§ TASK DETAILS
Print all the records exactly, please.
DATA SUPPLIED section start
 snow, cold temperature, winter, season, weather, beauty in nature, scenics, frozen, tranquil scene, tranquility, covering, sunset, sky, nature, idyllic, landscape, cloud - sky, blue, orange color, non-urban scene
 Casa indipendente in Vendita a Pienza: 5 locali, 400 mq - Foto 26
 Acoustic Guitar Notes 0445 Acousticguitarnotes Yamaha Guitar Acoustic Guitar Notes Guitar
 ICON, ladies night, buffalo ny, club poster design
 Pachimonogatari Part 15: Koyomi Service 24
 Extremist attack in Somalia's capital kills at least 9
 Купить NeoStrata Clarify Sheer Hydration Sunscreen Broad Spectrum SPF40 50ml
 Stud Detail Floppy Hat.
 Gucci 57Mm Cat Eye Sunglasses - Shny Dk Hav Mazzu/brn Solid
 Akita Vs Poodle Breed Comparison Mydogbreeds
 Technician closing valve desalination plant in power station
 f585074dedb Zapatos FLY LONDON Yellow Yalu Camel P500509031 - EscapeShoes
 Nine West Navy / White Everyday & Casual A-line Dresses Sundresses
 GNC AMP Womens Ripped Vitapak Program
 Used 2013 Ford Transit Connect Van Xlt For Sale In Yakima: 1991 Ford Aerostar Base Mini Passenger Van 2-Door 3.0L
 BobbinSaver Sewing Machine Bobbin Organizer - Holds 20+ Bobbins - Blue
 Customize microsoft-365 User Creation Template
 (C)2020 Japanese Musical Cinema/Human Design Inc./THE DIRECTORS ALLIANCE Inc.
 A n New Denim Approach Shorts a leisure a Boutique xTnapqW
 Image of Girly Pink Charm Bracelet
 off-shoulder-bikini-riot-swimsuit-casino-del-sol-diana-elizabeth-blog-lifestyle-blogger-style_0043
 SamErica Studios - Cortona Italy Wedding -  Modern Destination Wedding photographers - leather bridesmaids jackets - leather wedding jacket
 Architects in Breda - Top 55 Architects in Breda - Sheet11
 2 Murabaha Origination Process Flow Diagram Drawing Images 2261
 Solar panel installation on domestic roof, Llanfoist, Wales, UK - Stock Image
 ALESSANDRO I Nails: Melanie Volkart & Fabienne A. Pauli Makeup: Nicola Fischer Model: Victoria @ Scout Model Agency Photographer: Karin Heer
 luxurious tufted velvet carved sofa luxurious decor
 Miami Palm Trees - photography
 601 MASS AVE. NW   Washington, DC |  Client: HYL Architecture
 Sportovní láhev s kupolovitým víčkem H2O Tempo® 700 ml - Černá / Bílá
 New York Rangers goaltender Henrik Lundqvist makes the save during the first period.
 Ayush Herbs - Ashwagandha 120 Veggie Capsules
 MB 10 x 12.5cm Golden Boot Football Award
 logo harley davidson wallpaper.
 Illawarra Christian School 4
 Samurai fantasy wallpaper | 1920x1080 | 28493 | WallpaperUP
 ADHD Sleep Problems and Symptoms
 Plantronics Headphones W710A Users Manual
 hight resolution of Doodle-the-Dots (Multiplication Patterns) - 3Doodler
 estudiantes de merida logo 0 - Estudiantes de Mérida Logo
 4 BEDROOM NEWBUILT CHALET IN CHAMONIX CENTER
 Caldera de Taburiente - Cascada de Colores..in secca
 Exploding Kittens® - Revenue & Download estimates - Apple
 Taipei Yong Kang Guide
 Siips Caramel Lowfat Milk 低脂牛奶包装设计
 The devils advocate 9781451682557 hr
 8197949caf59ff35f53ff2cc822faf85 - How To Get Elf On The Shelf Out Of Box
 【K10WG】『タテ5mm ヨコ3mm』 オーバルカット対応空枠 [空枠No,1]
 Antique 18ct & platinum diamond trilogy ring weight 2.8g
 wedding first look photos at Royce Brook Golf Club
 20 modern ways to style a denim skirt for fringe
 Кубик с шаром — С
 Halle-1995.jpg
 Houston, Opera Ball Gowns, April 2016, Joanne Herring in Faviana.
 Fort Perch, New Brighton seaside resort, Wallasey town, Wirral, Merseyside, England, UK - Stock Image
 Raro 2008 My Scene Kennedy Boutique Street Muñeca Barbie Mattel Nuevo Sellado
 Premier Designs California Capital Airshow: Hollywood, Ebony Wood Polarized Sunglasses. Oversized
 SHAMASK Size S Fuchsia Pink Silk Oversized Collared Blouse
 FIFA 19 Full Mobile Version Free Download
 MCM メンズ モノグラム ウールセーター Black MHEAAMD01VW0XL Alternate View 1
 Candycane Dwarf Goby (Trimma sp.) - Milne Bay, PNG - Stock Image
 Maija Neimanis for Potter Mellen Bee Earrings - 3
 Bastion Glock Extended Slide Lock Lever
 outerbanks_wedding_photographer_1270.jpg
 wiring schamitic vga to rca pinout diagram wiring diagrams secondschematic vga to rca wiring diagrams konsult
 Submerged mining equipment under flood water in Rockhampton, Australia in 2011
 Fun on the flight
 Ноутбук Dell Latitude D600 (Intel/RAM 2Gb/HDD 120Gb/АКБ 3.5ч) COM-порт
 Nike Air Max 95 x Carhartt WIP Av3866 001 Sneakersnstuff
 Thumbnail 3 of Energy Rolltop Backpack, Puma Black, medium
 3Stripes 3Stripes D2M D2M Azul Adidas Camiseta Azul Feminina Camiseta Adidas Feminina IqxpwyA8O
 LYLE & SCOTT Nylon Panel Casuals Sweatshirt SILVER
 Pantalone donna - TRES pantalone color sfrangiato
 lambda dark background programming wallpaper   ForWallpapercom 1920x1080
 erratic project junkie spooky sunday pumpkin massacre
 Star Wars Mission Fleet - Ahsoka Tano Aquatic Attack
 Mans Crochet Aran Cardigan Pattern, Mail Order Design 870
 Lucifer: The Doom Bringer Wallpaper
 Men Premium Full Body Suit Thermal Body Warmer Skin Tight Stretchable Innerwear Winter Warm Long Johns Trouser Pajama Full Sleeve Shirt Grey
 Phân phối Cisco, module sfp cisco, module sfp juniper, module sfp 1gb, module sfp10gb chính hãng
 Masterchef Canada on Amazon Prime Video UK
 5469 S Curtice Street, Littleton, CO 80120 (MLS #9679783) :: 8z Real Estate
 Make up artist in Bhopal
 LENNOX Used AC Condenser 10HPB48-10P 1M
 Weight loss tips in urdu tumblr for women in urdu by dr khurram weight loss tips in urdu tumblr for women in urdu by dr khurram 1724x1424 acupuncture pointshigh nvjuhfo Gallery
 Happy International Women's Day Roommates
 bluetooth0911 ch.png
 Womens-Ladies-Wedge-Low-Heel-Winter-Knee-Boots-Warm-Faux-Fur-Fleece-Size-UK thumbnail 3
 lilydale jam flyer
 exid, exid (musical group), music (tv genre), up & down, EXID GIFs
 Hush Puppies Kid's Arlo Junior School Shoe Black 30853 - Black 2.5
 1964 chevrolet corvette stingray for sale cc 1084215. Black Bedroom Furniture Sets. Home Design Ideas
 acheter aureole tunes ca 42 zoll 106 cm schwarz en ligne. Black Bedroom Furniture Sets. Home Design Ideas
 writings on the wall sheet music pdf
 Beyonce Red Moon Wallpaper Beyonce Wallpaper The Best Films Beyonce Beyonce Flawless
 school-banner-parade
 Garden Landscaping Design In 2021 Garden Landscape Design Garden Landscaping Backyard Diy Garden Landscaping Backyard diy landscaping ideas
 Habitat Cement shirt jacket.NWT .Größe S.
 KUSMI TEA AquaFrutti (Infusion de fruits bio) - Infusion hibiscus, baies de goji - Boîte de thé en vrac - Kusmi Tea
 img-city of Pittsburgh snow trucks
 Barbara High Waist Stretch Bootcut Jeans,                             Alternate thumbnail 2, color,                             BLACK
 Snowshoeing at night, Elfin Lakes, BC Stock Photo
DATA SUPPLIED section end
§ EXERCISE RESULT
 snow, cold temperature, winter, season, weather, beauty in nature, scenics, frozen, tranquil scene, tranquility, covering, sunset, sky, nature, idyllic, landscape, cloud - sky, blue, orange color, non-urban scene
 Casa indipendente in Vendita a Pienza: 5 locali, 400 mq - Foto 26
 Acoustic Guitar Notes 0445 Acousticguitarnotes Yamaha Guitar Acoustic Guitar Notes Guitar
 ICON, ladies night, buffalo ny, club poster design
 Pachimonogatari Part 15: Koyomi Service 24
 Extremist attack in Somalia's capital kills at least 9
 Купить NeoStrata Clarify Sheer Hydration Sunscreen Broad Spectrum SPF40 50ml
 Stud Detail Floppy Hat.
 Gucci 57Mm Cat Eye Sunglasses - Shny Dk Hav Mazzu/brn Solid
 Akita Vs Poodle Breed Comparison Mydogbreeds
 Technician closing valve desalination plant in power station
 f585074dedb Zapatos FLY LONDON Yellow Yalu Camel P500509031 - EscapeShoes
 Nine West Navy / White Everyday & Casual A-line Dresses Sundresses
 GNC AMP Womens Ripped Vitapak Program
 Used 2013 Ford Transit Connect Van Xlt For Sale In Yakima: 1991 Ford Aerostar Base Mini Passenger Van 2-Door 3.0L
 BobbinSaver Sewing Machine Bobbin Organizer - Holds 20+ Bobbins - Blue
 Customize microsoft-365 User Creation Template
 (C)2020 Japanese Musical Cinema/Human Design Inc./THE DIRECTORS ALLIANCE Inc.
 A n New Denim Approach Shorts a leisure a Boutique xTnapqW
 Image of Girly Pink Charm Bracelet
 off-shoulder-bikini-riot-swimsuit-casino-del-sol-diana-elizabeth-blog-lifestyle-blogger-style_0043
 SamErica Studios - Cortona Italy Wedding -  Modern Destination Wedding photographers - leather bridesmaids jackets - leather wedding jacket
 Architects in Breda - Top 55 Architects in Breda - Sheet11
 2 Murabaha Origination Process Flow Diagram Drawing Images 2261
 Solar panel installation on domestic roof, Llanfoist, Wales, UK - Stock Image
 ALESSANDRO I Nails: Melanie Volkart & Fabienne A. Pauli Makeup: Nicola Fischer Model: Victoria @ Scout Model Agency Photographer: Karin Heer
 luxurious tufted velvet carved sofa luxurious decor
 Miami Palm Trees - photography
 601 MASS AVE. NW   Washington, DC |  Client: HYL Architecture
 Sportovní láhev s kupolovitým víčkem H2O Tempo® 700 ml - Černá / Bílá
 New York Rangers goaltender Henrik Lundqvist makes the save during the first period.
 Ayush Herbs - Ashwagandha 120 Veggie Capsules
 MB 10 x 12.5cm Golden Boot Football Award
 logo harley davidson wallpaper.
 Illawarra Christian School 4
 Samurai fantasy wallpaper | 1920x1080 | 28493 | WallpaperUP
 ADHD Sleep Problems and Symptoms
 Plantronics Headphones W710A Users Manual
 hight resolution of Doodle-the-Dots (Multiplication Patterns) - 3Doodler
 estudiantes de merida logo 0 - Estudiantes de Mérida Logo
 4 BEDROOM NEWBUILT CHALET IN CHAMONIX CENTER
 Caldera de Taburiente - Cascada de Colores..in secca
 Exploding Kittens® - Revenue & Download estimates - Apple
 Taipei Yong Kang Guide
 Siips Caramel Lowfat Milk 低脂牛奶包装设计
 The devils advocate 9781451682557 hr
 8197949caf59ff35f53ff2cc822faf85 - How To Get Elf On The Shelf Out Of Box
 【K10WG】『タテ5mm ヨコ3mm』 オーバルカット対応空枠 [空枠No,1]
 Antique 18ct & platinum diamond trilogy ring weight 2.8g
 wedding first look photos at Royce Brook Golf Club
 20 modern ways to style a denim skirt for fringe
 Кубик с шаром — С
 Halle-1995.jpg
 Houston, Opera Ball Gowns, April 2016, Joanne Herring in Faviana.
 Fort Perch, New Brighton seaside resort, Wallasey town, Wirral, Merseyside, England, UK - Stock Image
 Raro 2008 My Scene Kennedy Boutique Street Muñeca Barbie Mattel Nuevo Sellado
 Premier Designs California Capital Airshow: Hollywood, Ebony Wood Polarized Sunglasses. Oversized
 SHAMASK Size S Fuchsia Pink Silk Oversized Collared Blouse
 FIFA 19 Full Mobile Version Free Download
 MCM メンズ モノグラム ウールセーター Black MHEAAMD01VW0XL Alternate View 1
 Candycane Dwarf Goby (Trimma sp.) - Milne Bay, PNG - Stock Image
 Maija Neimanis for Potter Mellen Bee Earrings - 3
 Bastion Glock Extended Slide Lock Lever
 outerbanks_wedding_photographer_1270.jpg
 wiring schamitic vga to rca pinout diagram wiring diagrams secondschematic vga to rca wiring diagrams konsult
 Submerged mining equipment under flood water in Rockhampton, Australia in 2011
 Fun on the flight
 Ноутбук Dell Latitude D600 (Intel/RAM 2Gb/HDD 120Gb/АКБ 3.5ч) COM-порт
 Nike Air Max 95 x Carhartt WIP Av3866 001 Sneakersnstuff
 Thumbnail 3 of Energy Rolltop Backpack, Puma Black, medium
 3Stripes 3Stripes D2M D2M Azul Adidas Camiseta Azul Feminina Camiseta Adidas Feminina IqxpwyA8O
 LYLE & SCOTT Nylon Panel Casuals Sweatshirt SILVER
 Pantalone donna - TRES pantalone color sfrangiato
 lambda dark background programming wallpaper   ForWallpapercom 1920x1080
 erratic project junkie spooky sunday pumpkin massacre
 Star Wars Mission Fleet - Ahsoka Tano Aquatic Attack
 Mans Crochet Aran Cardigan Pattern, Mail Order Design 870
 Lucifer: The Doom Bringer Wallpaper
 Men Premium Full Body Suit Thermal Body Warmer Skin Tight Stretchable Innerwear Winter Warm Long Johns Trouser Pajama Full Sleeve Shirt Grey
 Phân phối Cisco, module sfp cisco, module sfp juniper, module sfp 1gb, module sfp10gb chính hãng
 Masterchef Canada on Amazon Prime Video UK
 5469 S Curtice Street, Littleton, CO 80120 (MLS #9679783) :: 8z Real Estate
 Make up artist in Bhopal
 LENNOX Used AC Condenser 10HPB48-10P 1M
 Weight loss tips in urdu tumblr for women in urdu by dr khurram weight loss tips in urdu tumblr for women in urdu by dr khurram 1724x1424 acupuncture pointshigh nvjuhfo Gallery
 Happy International Women's Day Roommates
 bluetooth0911 ch.png
 Womens-Ladies-Wedge-Low-Heel-Winter-Knee-Boots-Warm-Faux-Fur-Fleece-Size-UK thumbnail 3
 lilydale jam flyer
 exid, exid (musical group), music (tv genre), up & down, EXID GIFs
 Hush Puppies Kid's Arlo Junior School Shoe Black 30853 - Black 2.5
 1964 chevrolet corvette stingray for sale cc 1084215. Black Bedroom Furniture Sets. Home Design Ideas
 acheter aureole tunes ca 42 zoll 106 cm schwarz en ligne. Black Bedroom Furniture Sets. Home Design Ideas
 writings on the wall sheet music pdf
 Beyonce Red Moon Wallpaper Beyonce Wallpaper The Best Films Beyonce Beyonce Flawless
 school-banner-parade
 Garden Landscaping Design In 2021 Garden Landscape Design Garden Landscaping Backyard Diy Garden Landscaping Backyard diy landscaping ideas
 Habitat Cement shirt jacket.NWT .Größe S.
 KUSMI TEA AquaFrutti (Infusion de fruits bio) - Infusion hibiscus, baies de goji - Boîte de thé en vrac - Kusmi Tea
 img-city of Pittsburgh snow trucks
 Barbara High Waist Stretch Bootcut Jeans,                             Alternate thumbnail 2, color,                             BLACK
 Snowshoeing at night, Elfin Lakes, BC Stock Photo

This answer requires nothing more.